▶ [Exercise details] Locate the line that contains "What Does Your" in the entries below, then repeat it and every following line through the line that contains "Happy birthday to", exactly, and no others.

▶ [Records for the task]
▶

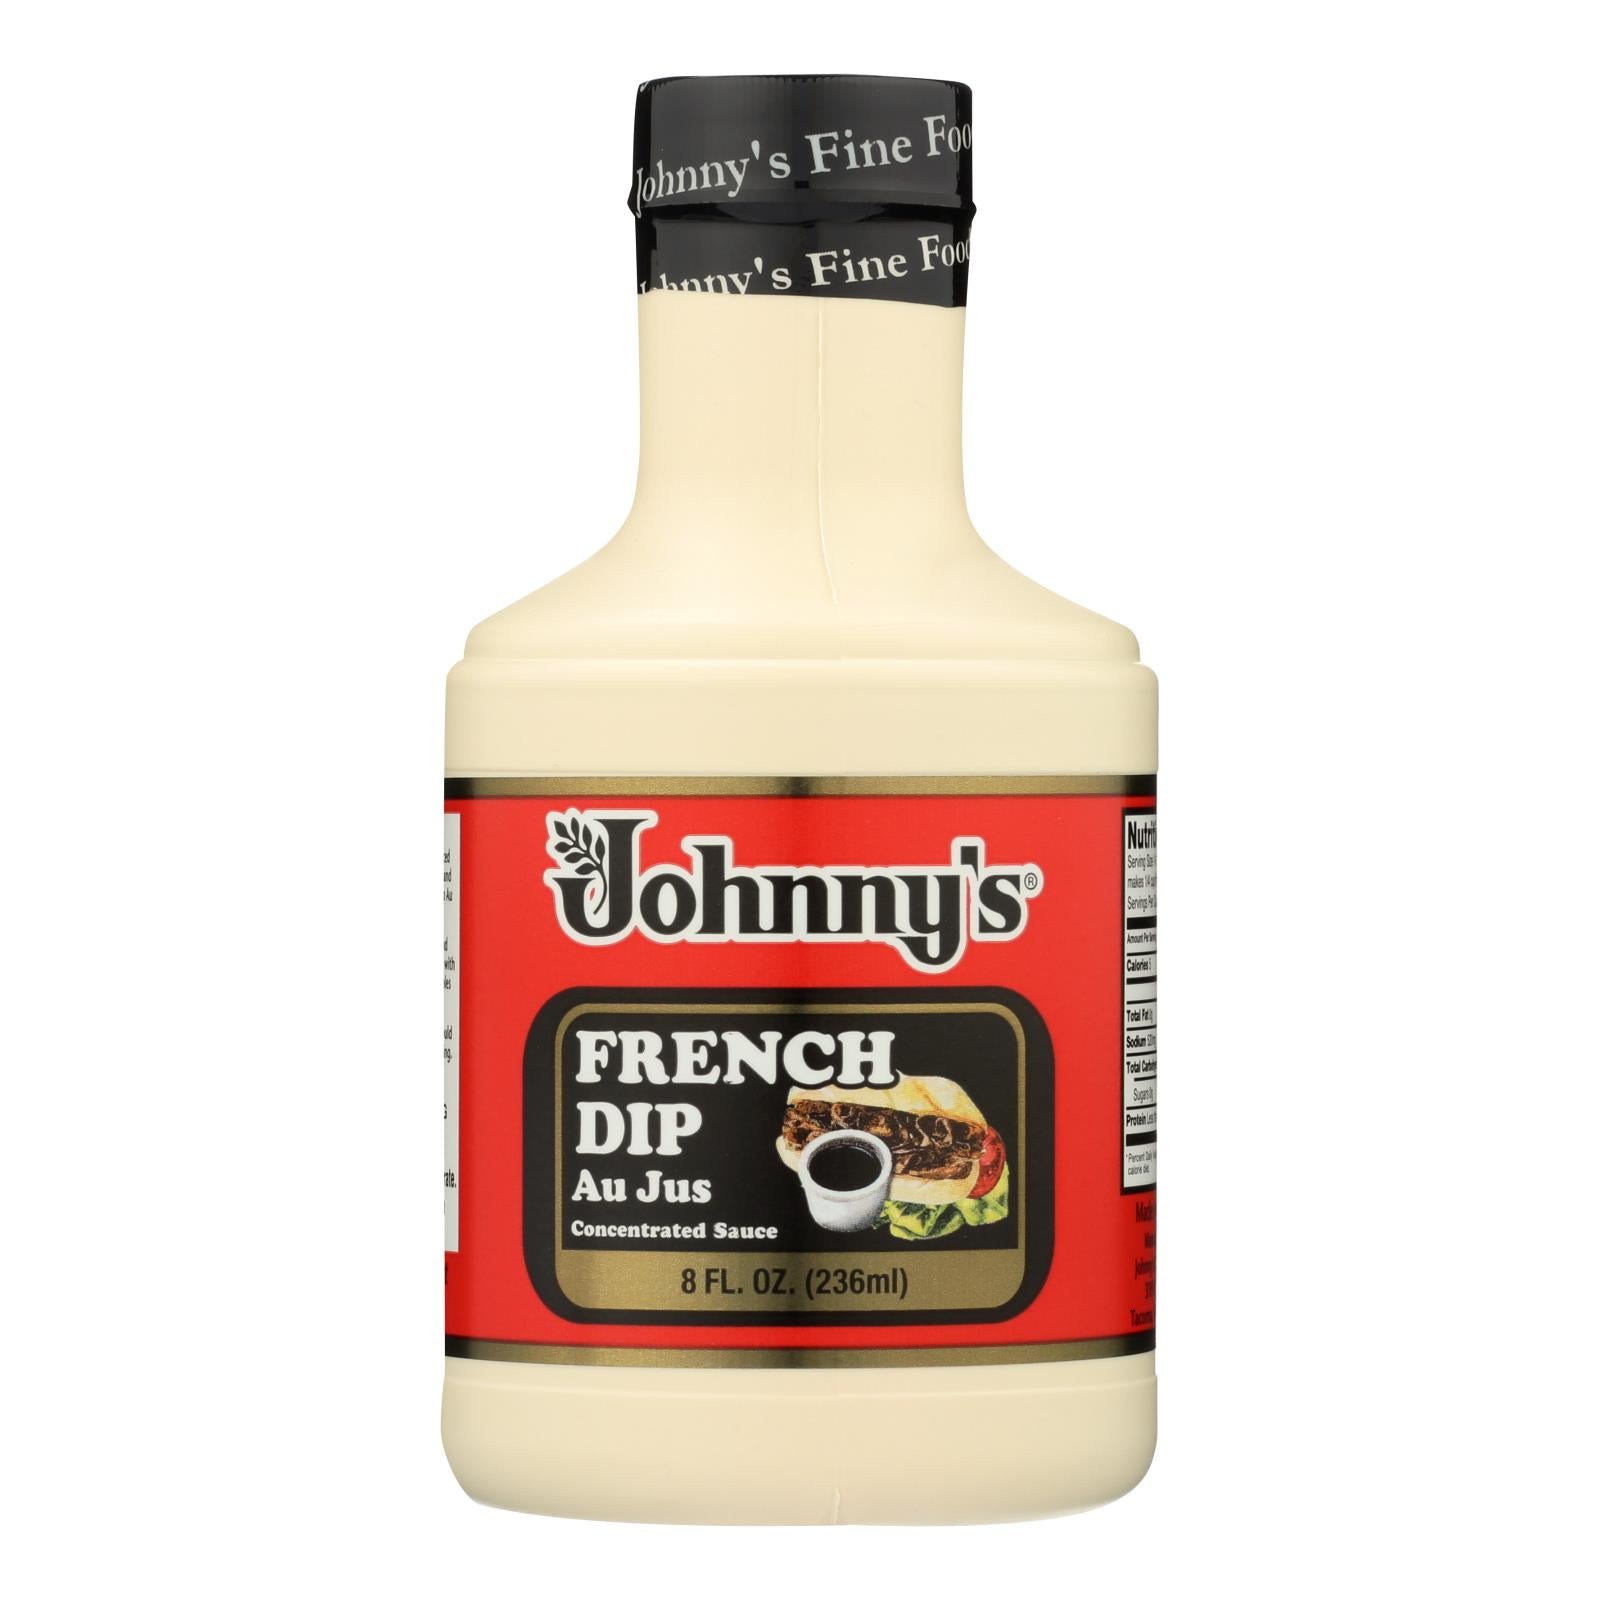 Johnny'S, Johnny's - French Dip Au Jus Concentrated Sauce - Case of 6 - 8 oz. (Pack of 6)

◀
▶

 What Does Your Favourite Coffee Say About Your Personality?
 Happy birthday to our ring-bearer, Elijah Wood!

◀

▶ [Answer area]
 What Does Your Favourite Coffee Say About Your Personality?
 Happy birthday to our ring-bearer, Elijah Wood!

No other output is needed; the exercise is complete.